Modern, advanced statistical tools from data mining and machine learning have become commonplace in molecular biology in large part because of the “big data” demands of various kinds of “-omics” (e.g., genomics, transcriptomics, metabolomics, etc.). However, in other fields of biology where empirical data sets are conventionally smaller, more traditional statistical methods of inference are still very effective and widely used. Nevertheless, with the decrease in cost of high-performance computing, these fields are starting to employ simulation models to generate insights into questions that have been elusive in the laboratory and field. Although these computational models allow for exquisite control over large numbers of parameters, they also generate data at a qualitatively different scale than most experts in these fields are accustomed to. Thus, more sophisticated methods from big-data statistics have an opportunity to better facilitate the often-forgotten area of bioinformatics that might be called “in-silicomics”.
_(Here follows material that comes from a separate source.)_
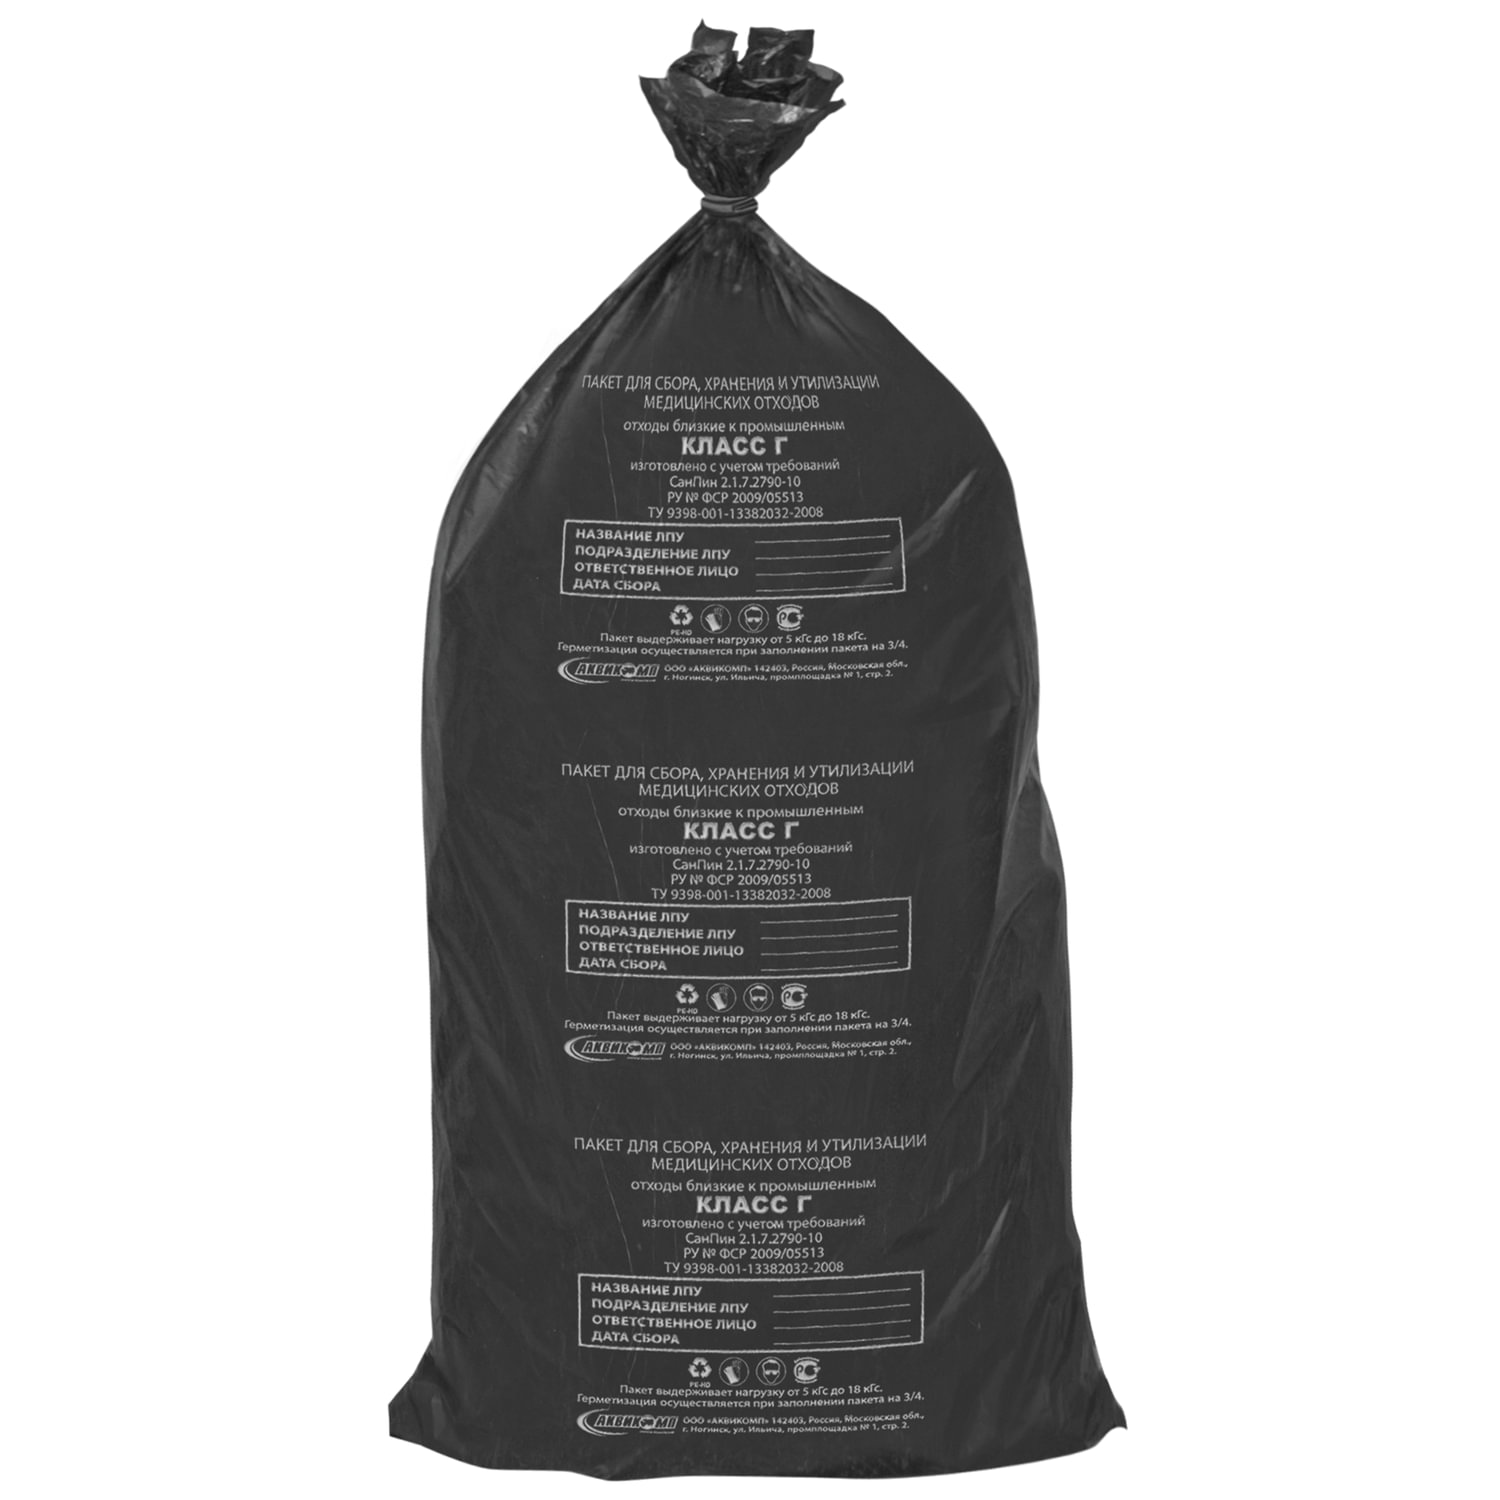 Мешки для мусора медицинские КОМПЛЕКТ 20 шт., класс Г (черные), 100 л, 60х110 см, 14 мкм, АКВИКОМП, комплект 5 шт.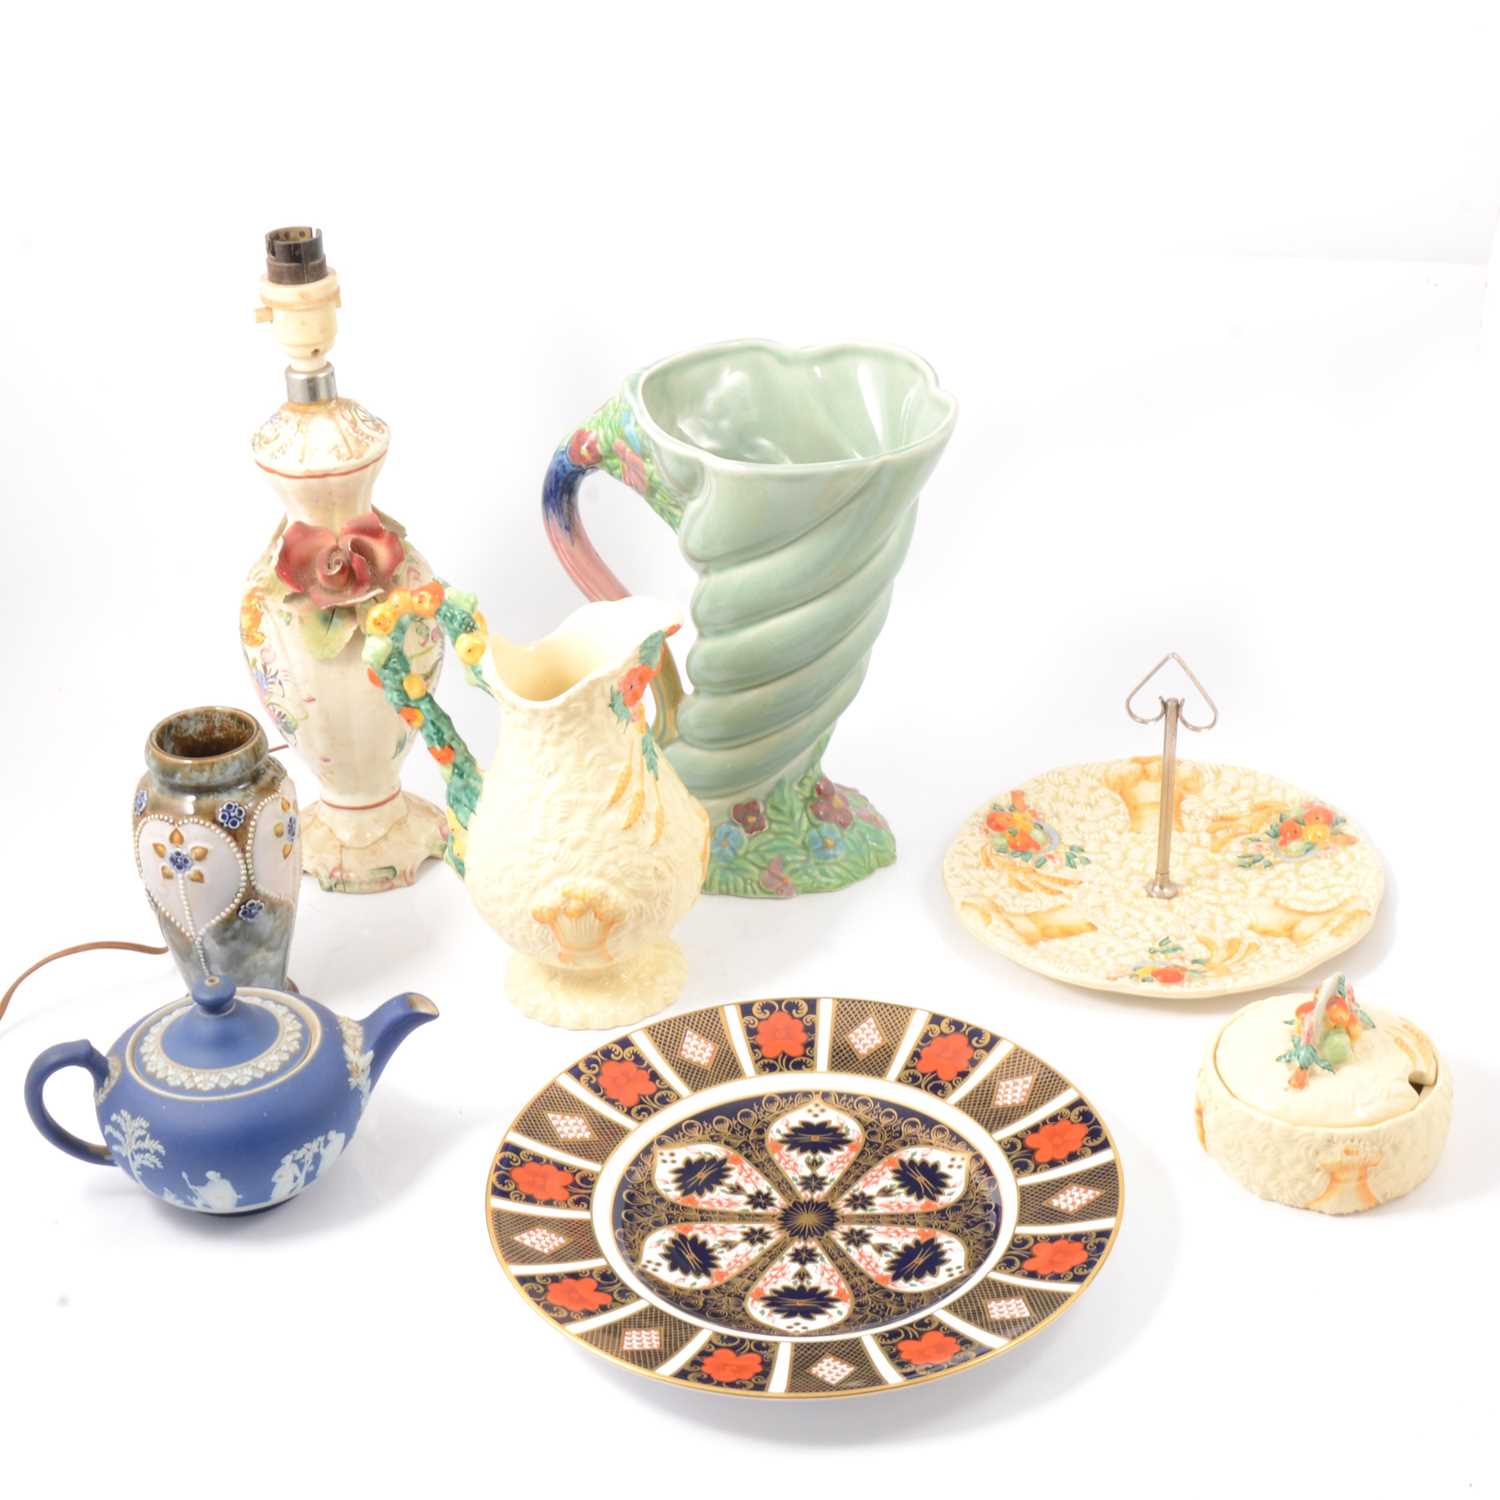 Lot 18 - Quantity of decorative ceramics including Crown Derby, Clarice Cliff, etc.

As a case study, this thesis develops methods for the analysis of large amounts of data generated from a simulated ecosystem designed to understand how mammalian biomechanics interact with environmental complexity to modulate the outcomes of predator–prey interactions. These simulations investigate how other biomechanical parameters relating to the agility of animals in predator–prey pairs are better predictors of pursuit outcomes. Traditional modelling techniques such as forward, backward, and stepwise variable selection are initially used to study these data, but the number of parameters and potentially relevant interaction effects render these methods impractical. Consequently, new modelling techniques such as LASSO regularization are used and compared to the traditional techniques in terms of accuracy and computational complexity. Finally, the splitting rules and instances in the leaves of classification trees provide the basis for future simulation with an economical number of additional runs. In general, this thesis shows the increased utility of these sophisticated statistical techniques with simulated ecological data compared to the approaches traditionally used in these fields. These techniques combined with methods from industrial Design of Experiments will help ecologists extract novel insights from simulations that combine habitat complexity, population structure, and biomechanics.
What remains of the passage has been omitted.